● Aim of the task: Could you set down the listing below exactly and omit its images?

──────── Dataset extract ────────

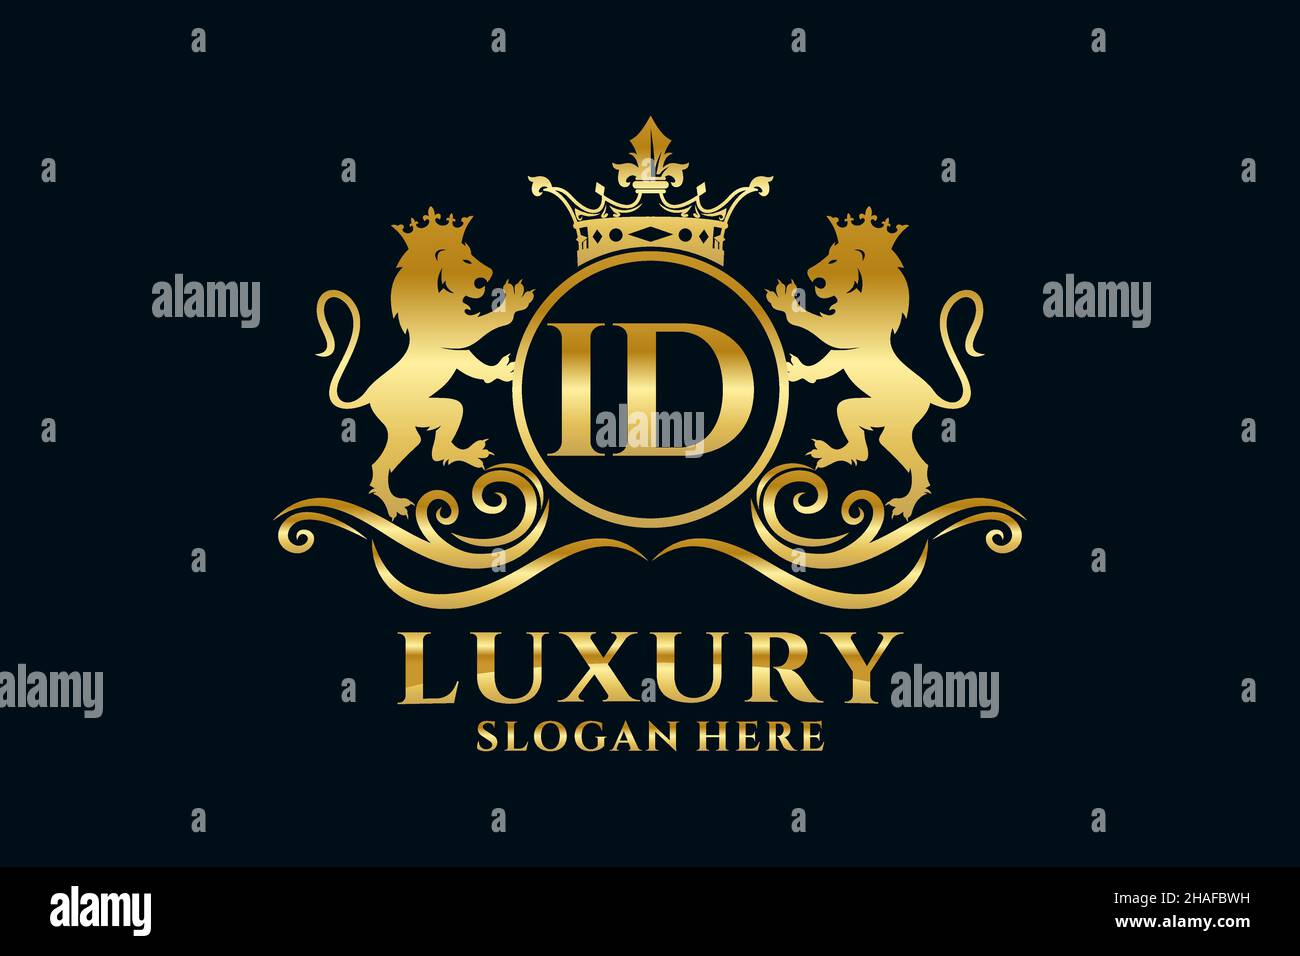 ID Carta León Royal Luxury Logotipo plantilla en arte vectorial para proyectos de promoción de marca de lujo y otra ilustración vectorial. Ilustración del Vector
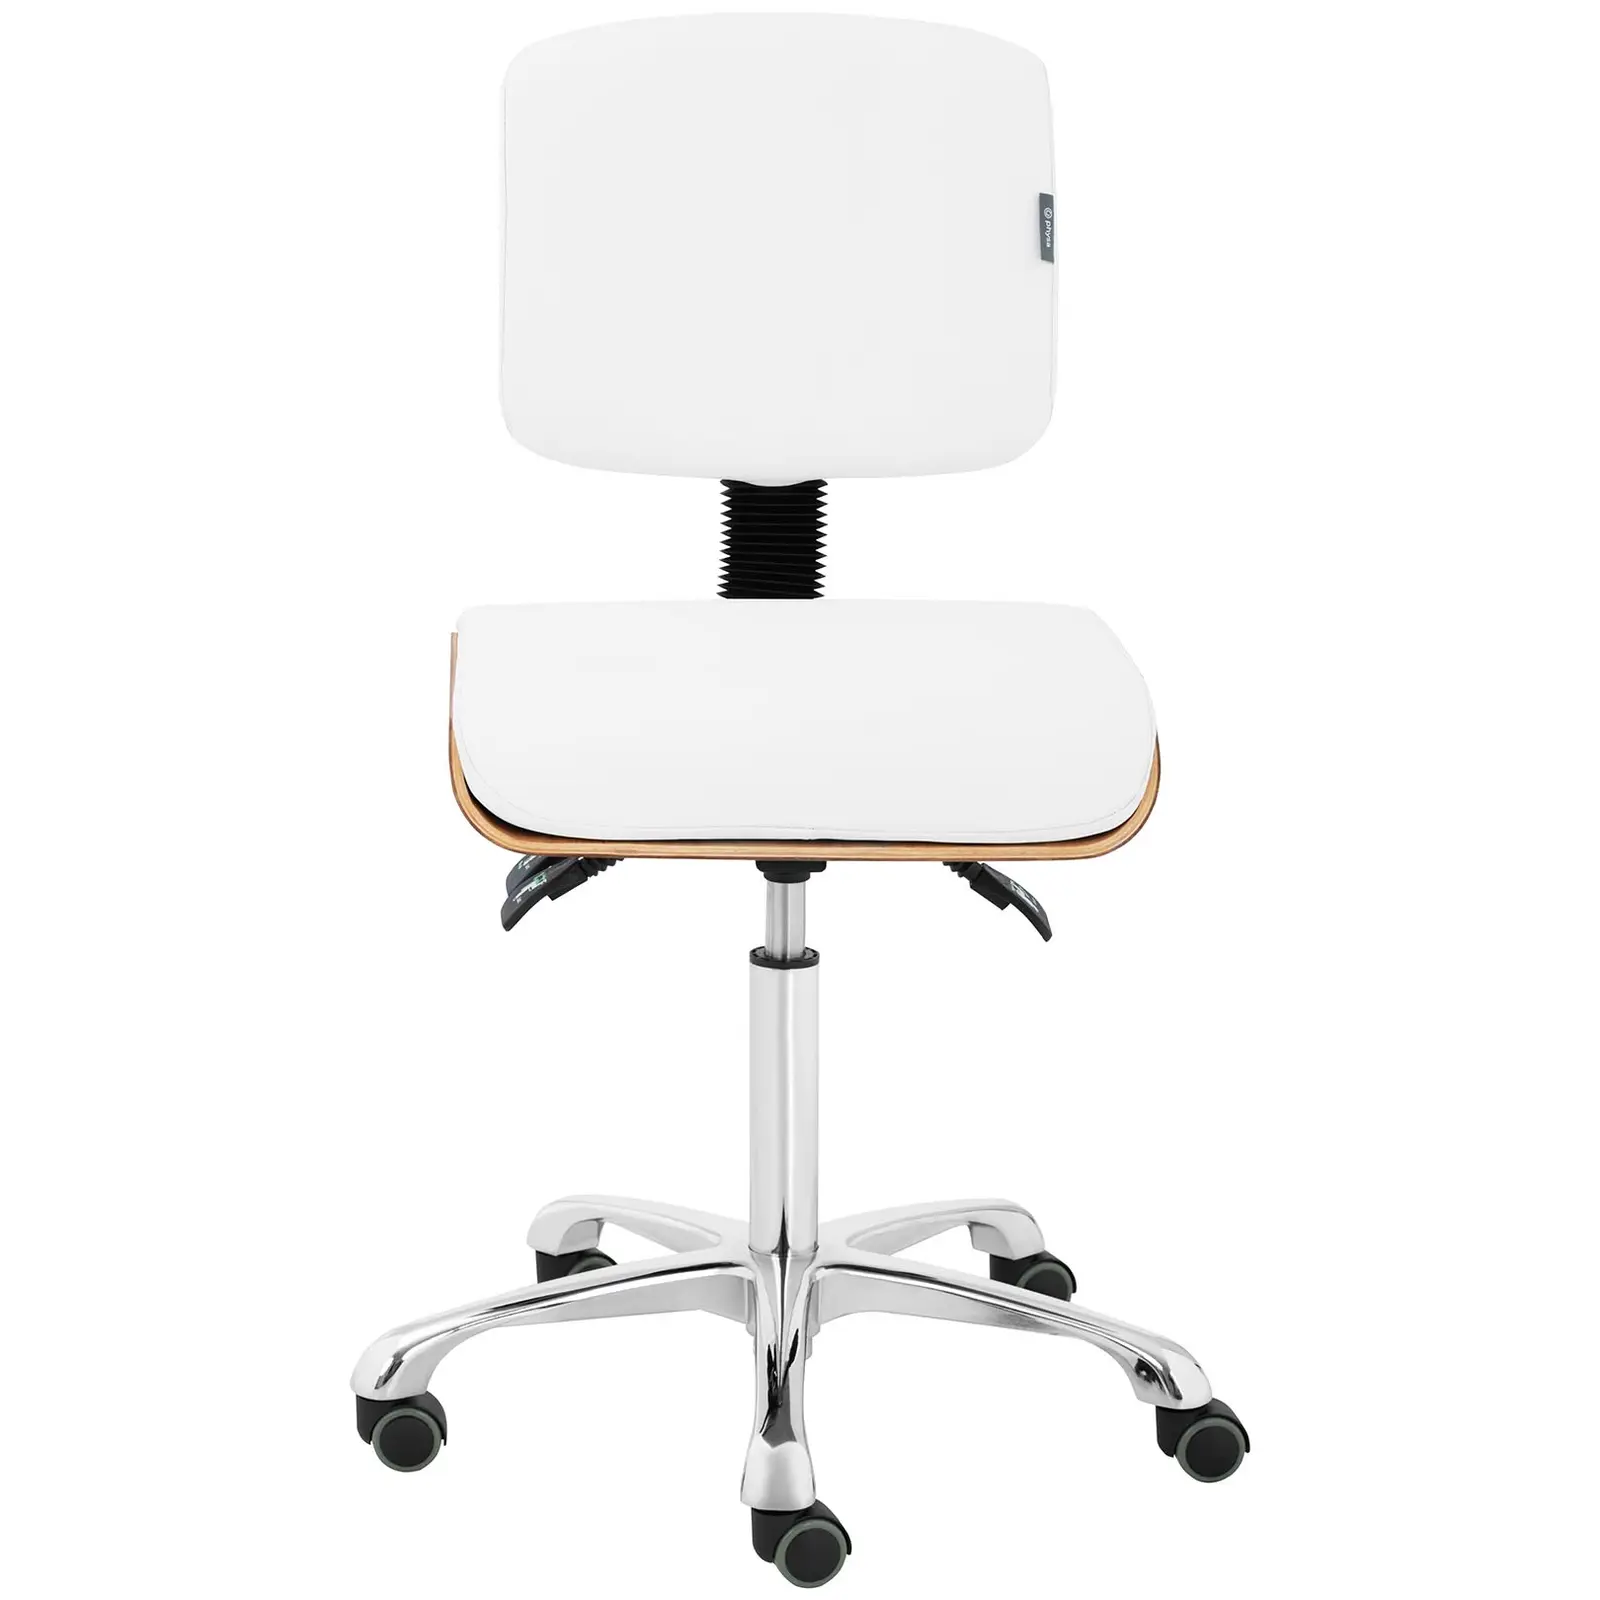 B-termék Gurulós szék háttámlával - 575 -775 mm - 160 kg - Természetes fa, Fehér
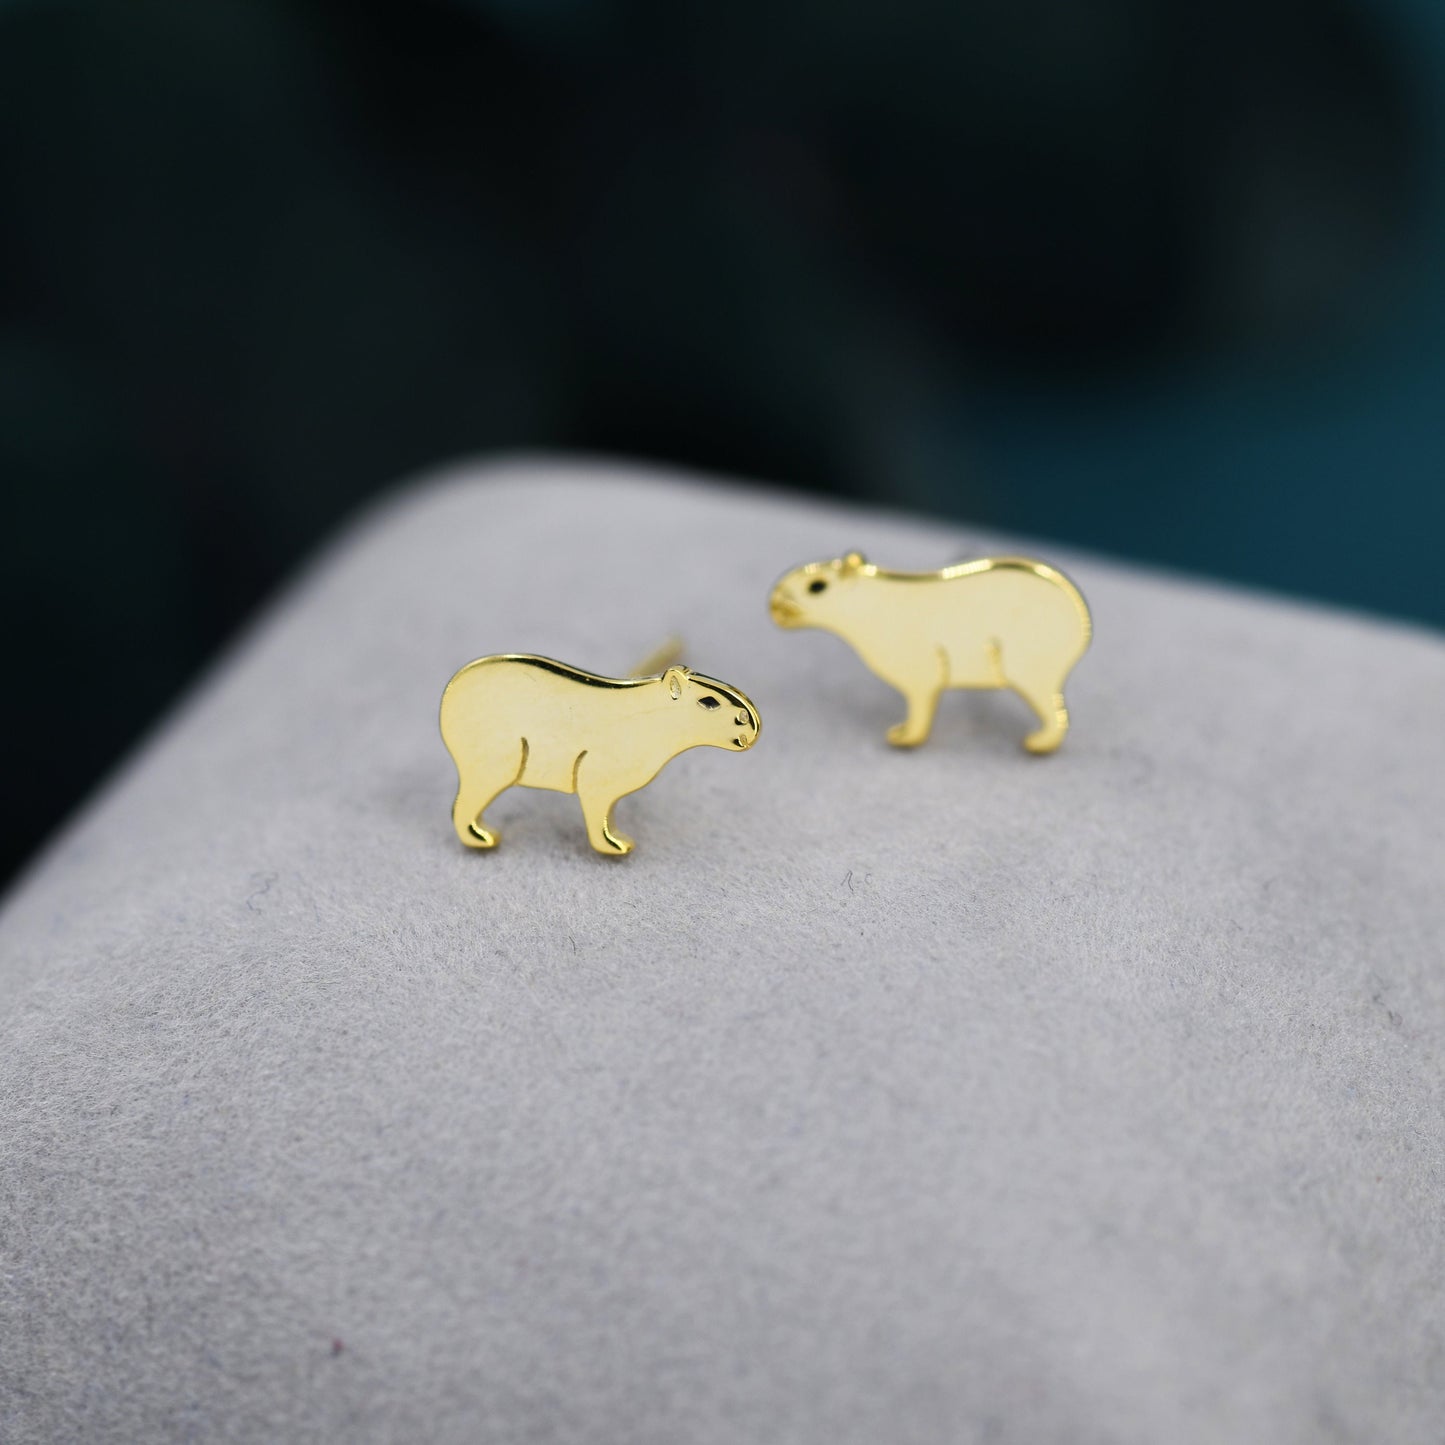 Capybara Stud Earrings in Sterling Silver - Cute Animal Earrings  - Pantanal Animal - Fun, Whimsical
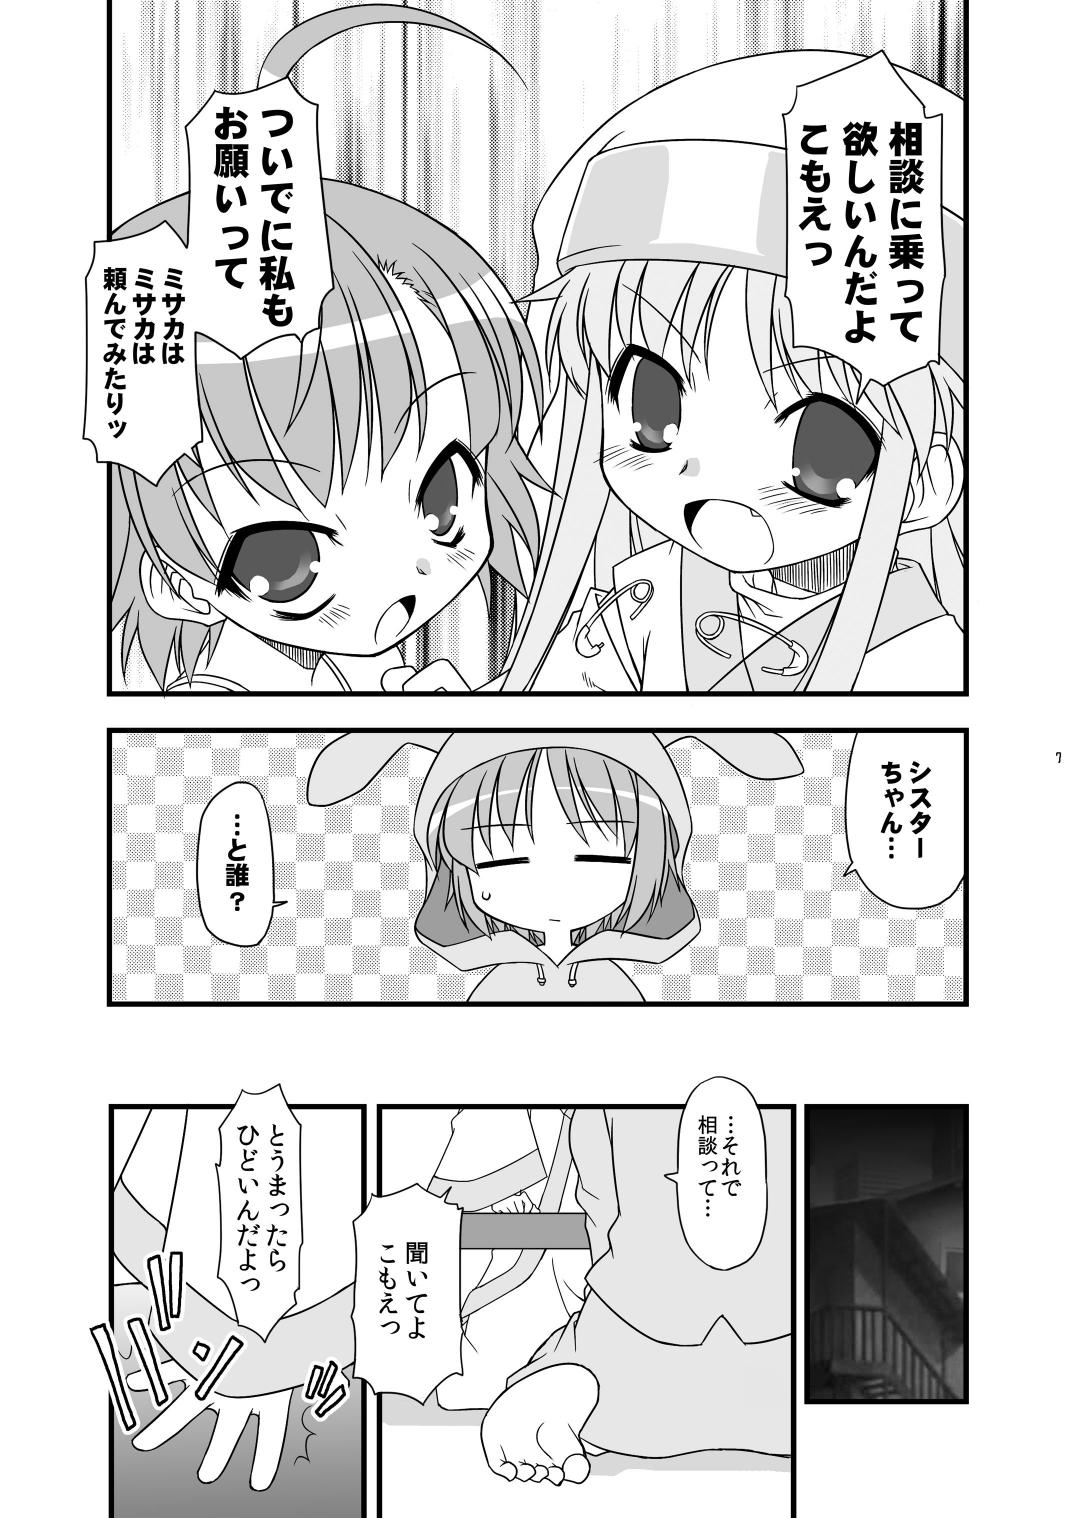 Home KA+SHI+MA+SHI=INDEX! - Toaru majutsu no index Boys - Page 8

────────

● Task answer:
 ID Carta León Royal Luxury Logotipo plantilla en arte vectorial para proyectos de promoción de marca de lujo y otra ilustración vectorial. Ilustración del Vector
 B-termék Gurulós szék háttámlával - 575 -775 mm - 160 kg - Természetes fa, Fehér
 Capybara Stud Earrings in Sterling Silver - Cute Animal Earrings  - Pantanal Animal - Fun, Whimsical
 Home KA+SHI+MA+SHI=INDEX! - Toaru majutsu no index Boys - Page 8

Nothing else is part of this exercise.